The test tries four scenarios:
- object[] (but still storing strings)
- string[]
- Wrapper<string>[]
- InvariantArray<string>
Running against an array size of 100, with 100 million iterations per test, I get the following results on my Thinkpad Twist :
Array type | Read time (ms) | Write time |
object[] | 11842 | 44827 |
string[] | 12000 | 40865 |
Wrapper<string>[] | 11843 | 29338 |
InvariantArray<string> | 11825 | 32973 |
That’s just one run, but the results are fairly consistent across runs. The one interesting deviation is the write time for object[] – I’ve observed it sometimes being the same as for string[], but not consistently.

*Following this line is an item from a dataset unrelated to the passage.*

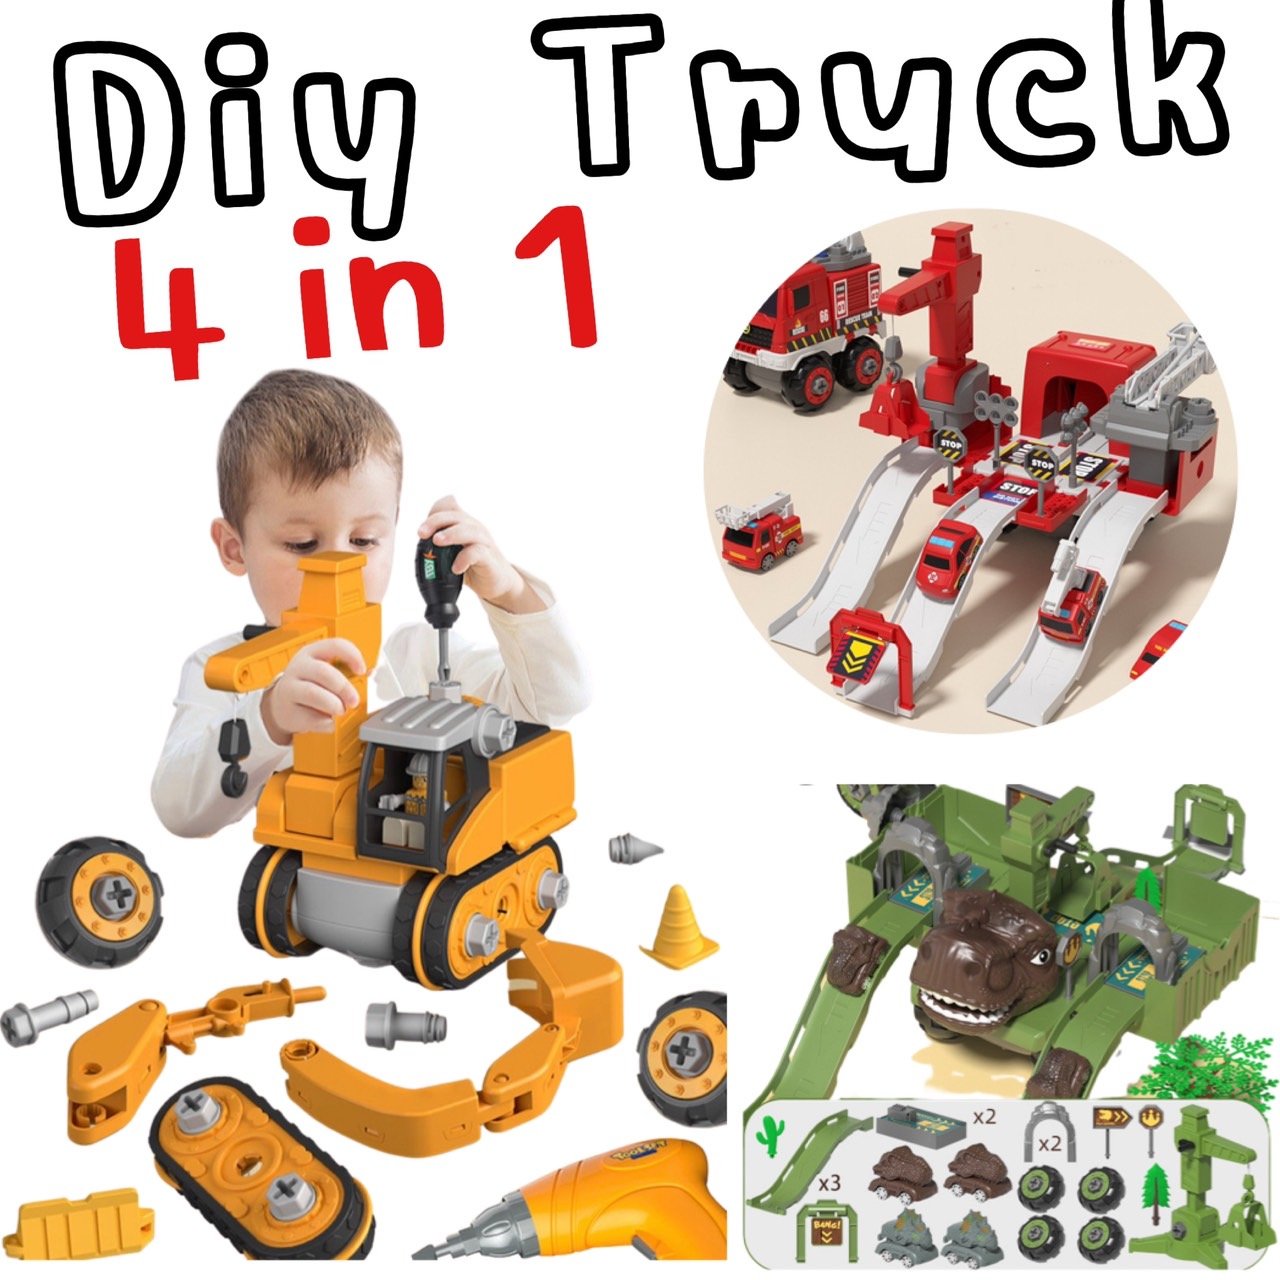 DIY TRUCK 4-in 1 (toy653)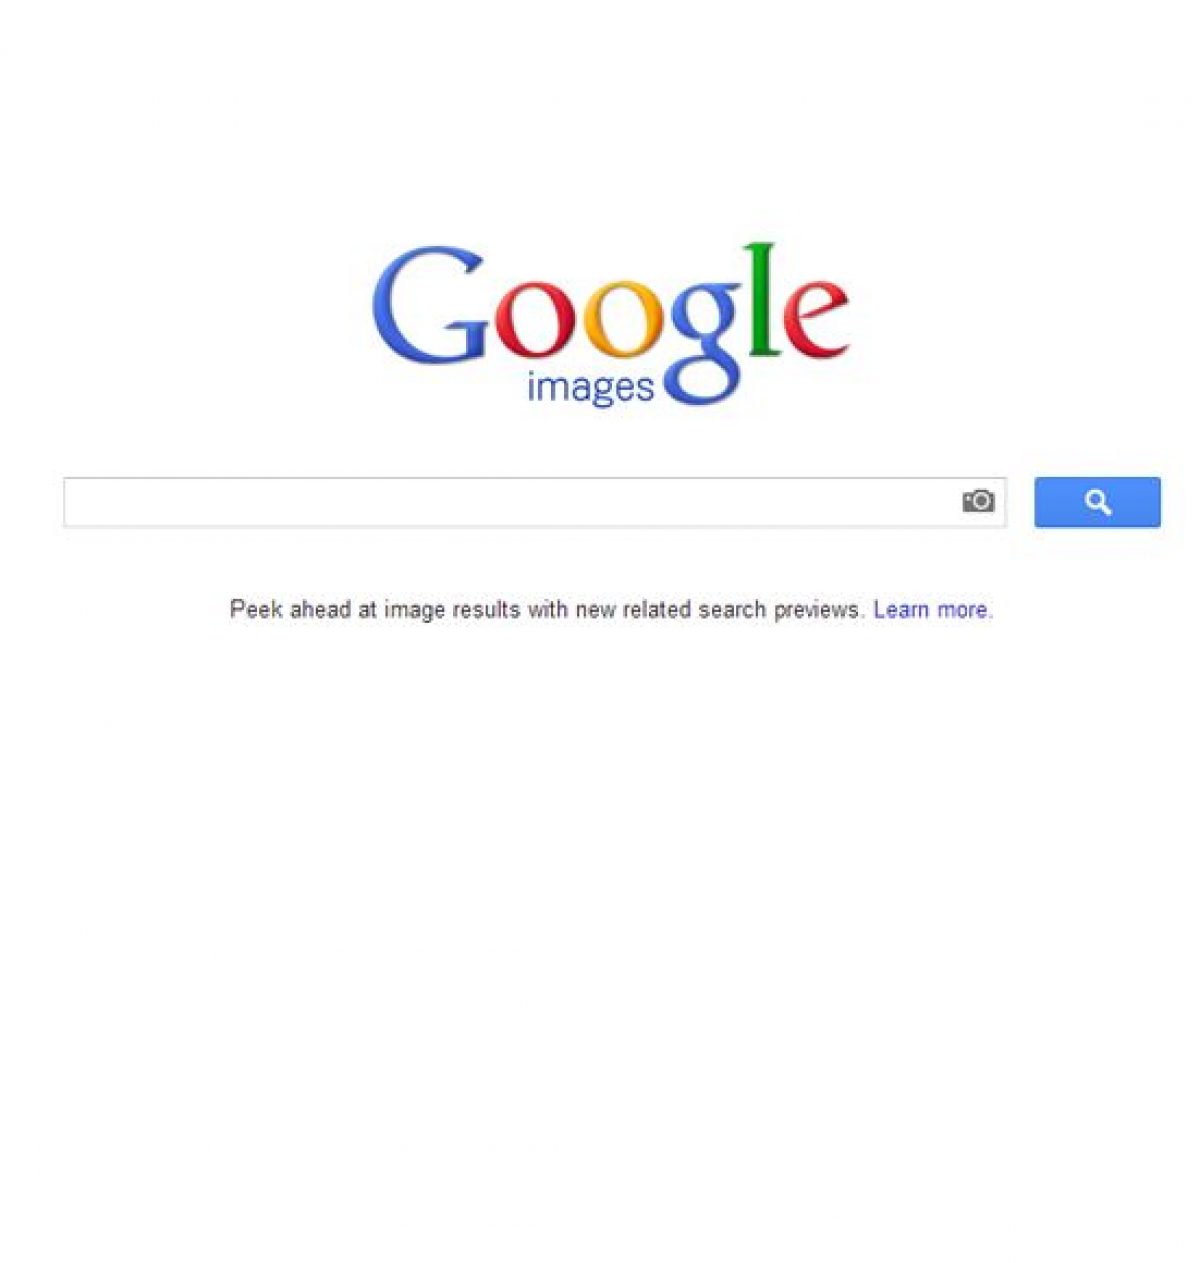 google reverse image search ios

I don’t understand this, but it does seem that the JIT isn’t performing the optimization for string[] that it could if it spotted that string is sealed.
Both of the workarounds to avoid array covariance make a noticeable difference to the performance of writing to the array, without affecting read performance. Hooray!
Conclusion
I think it would be a very rare application which noticed a significant performance boost here, but I do like the fact that this is one of those situations where a cleaner design also leads to better performance, without many obvious technical downsides.
That said, I doubt that I’ll actually be using this in real code any time soon – the fact that it’s just "different" to normal C# code is a big downside in itself. Hope you found it interesting though :)